Tahlequah Daily Press

Local News

July 20, 2012

Homegrown goodness

TAHLEQUAH — Burgess Market has sold locally-grown fruits and vegetables in Tahlequah for 64 years.

When current owner Rhoda Burgess married into the family, she married into the family business, too. In the early years of the market, it was open only during the summer.

Burgess Market has been in the same location since Rhoda’s father-in-law, Ben, started the business back in 1948. Every spring, they’d open and continue to sell produce until crops were finished in the fall.

“The market started the year by bringing in the first crops from the garden that were ready – wild onions and watercress,” Rhoda said. “The market sold what was coming up in their garden.”

Her in-laws grew a lot of produce sold at the market. Rhoda said her husband, Bill, drove a truck and hauled vegetables up from Texas throughout the summer months, as well.

“They also bought produce from local people who would bring in their bushel or peck of what-have-you; then they would sell it to the local people,” Rhoda said. “A lot of people grew strawberries and brought them down here.”

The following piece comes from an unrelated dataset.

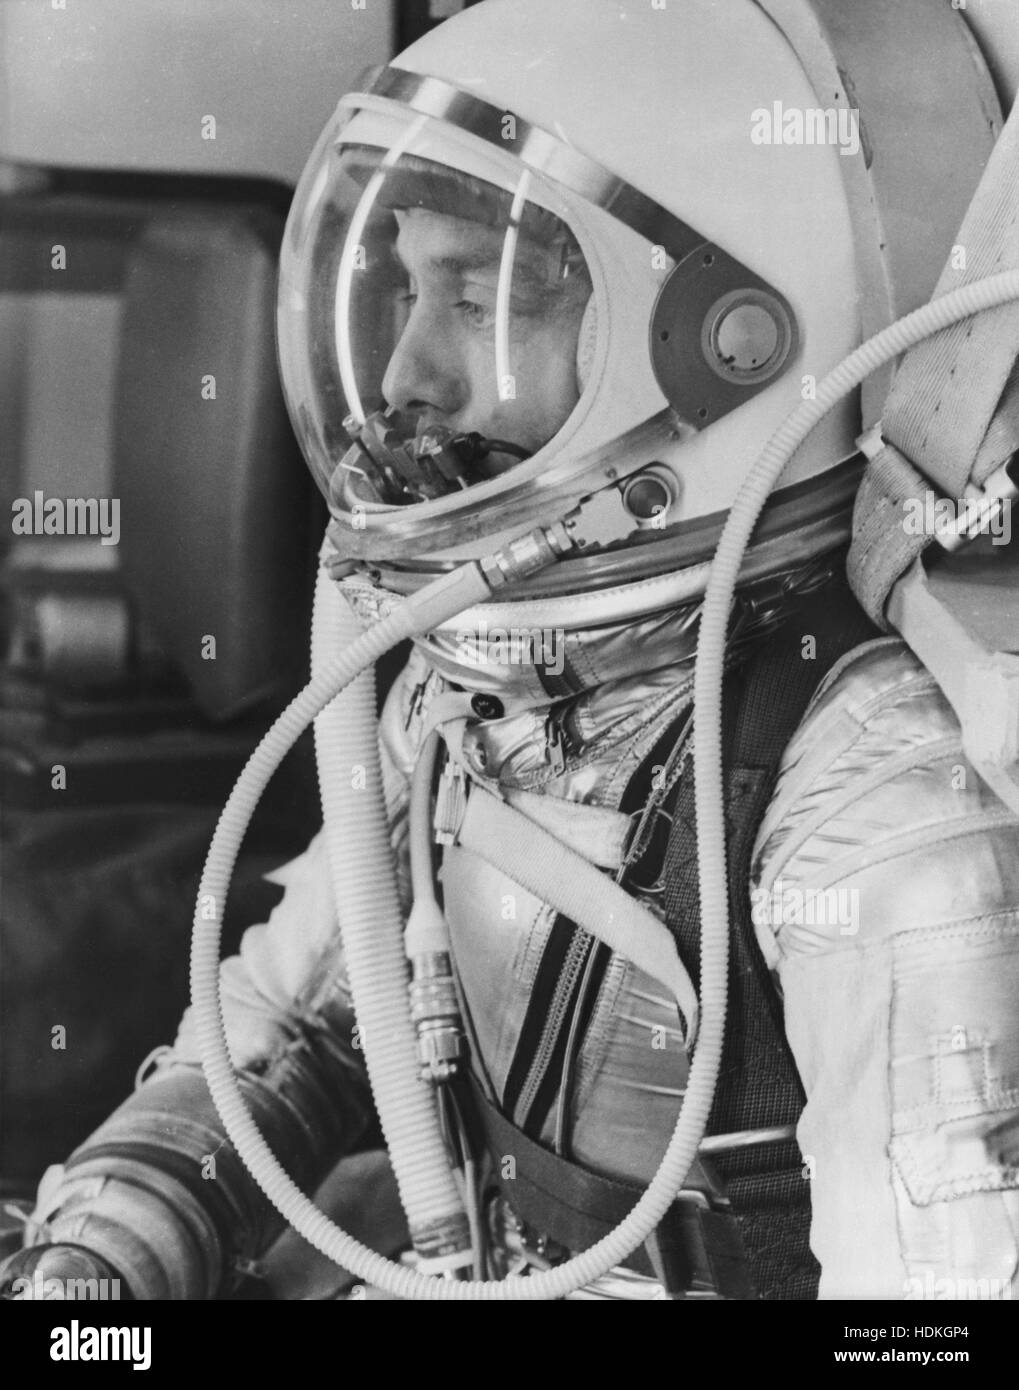 NASA astronaut Alan Shepard suits up in a pressure suit and helmet in preparation for the Mercury-Redstone 3 (MR-3) flight, the first American human spaceflight, aboard the Freedom 7 capsule at the Cape Canaveral Air Force Station Launch Complex 5 January 1, 1961 in Cape Canaveral, Florida. Stock Photo

She said the locals would sometimes barter, trading tomatoes for a watermelon, and things like that. Back then, the Burgesses would also trade for eggs and cream and would sell those to the dairy store in town.

“Bartering is what a lot of people did back then,” she said.

When Burgess Market first opened, it was considered to be out of the city limits. There was no building, only a shed in an open field. The land across the street from the business, on what is now Muskogee Avenue, was nothing but dirt.

“My husband parked the trucks there,” said Rhoda.

The building that currently houses the family market was built in 1965. Ben, founder of the family business, died in 1968. Mary Burgess, Ben’s wife and Bill’s mother, also worked the family market. When Mary’s husband died, her son Bill was already working the family market, so he was there to help his mother.

“She worked down here until she passed away, about 10 or 12 years after her husband died,” Rhoda said.

Bill’s two brothers and a sister also worked at the family market while growing up.

“Bill’s brothers and sister all worked here until they finished school and went into other professions,” said Rhoda.

In 2000, Bill Burgess past away, but Rhoda continues to run the family business.

She was a student at Northeastern State University when she met her husband. She was visiting the market to buy a watermelon, and he helped her with her purchase.

“He just about swept me off my feet. He was the most well-mannered and respectful person I’ve ever met,” Rhoda said, speaking of her late husband.

They dated a year before they married in 1968.

Rhoda became a school teacher, but worked summers at the market with Bill.

“When I had my daughter, Gayla, I started working here full-time,” Rhoda said. “All Burgess kids worked and helped down here.”

Her daughter still helps with canning and preserving what is grown in their garden.

“We hardly ever buy vegetables,” Rhoda said. “We can and freeze what we grow. If we want something, we already have it in the jar.”

Rhoda said the market is still an old-time store. There are chairs for people to sit on and visit among themselves. The building used to have a wood stove in the middle of it.

“Old men used to come in and sit around it, telling their stories,” Rhoda said. “I have had people come in and ask if this was still Burgess Market. They tell me they had come here as children. I like being down here, working here, seeing the people who come in.”

Today, Burgess Market is for sale. According to Rhoda, a few people have expressed interest in buying the place.

“If I had good health, I wouldn’t sell it,” said Rhoda.

But for now, she is keeping the tradition alive and still working the family market, selling fresh fruits and vegetables to local residents.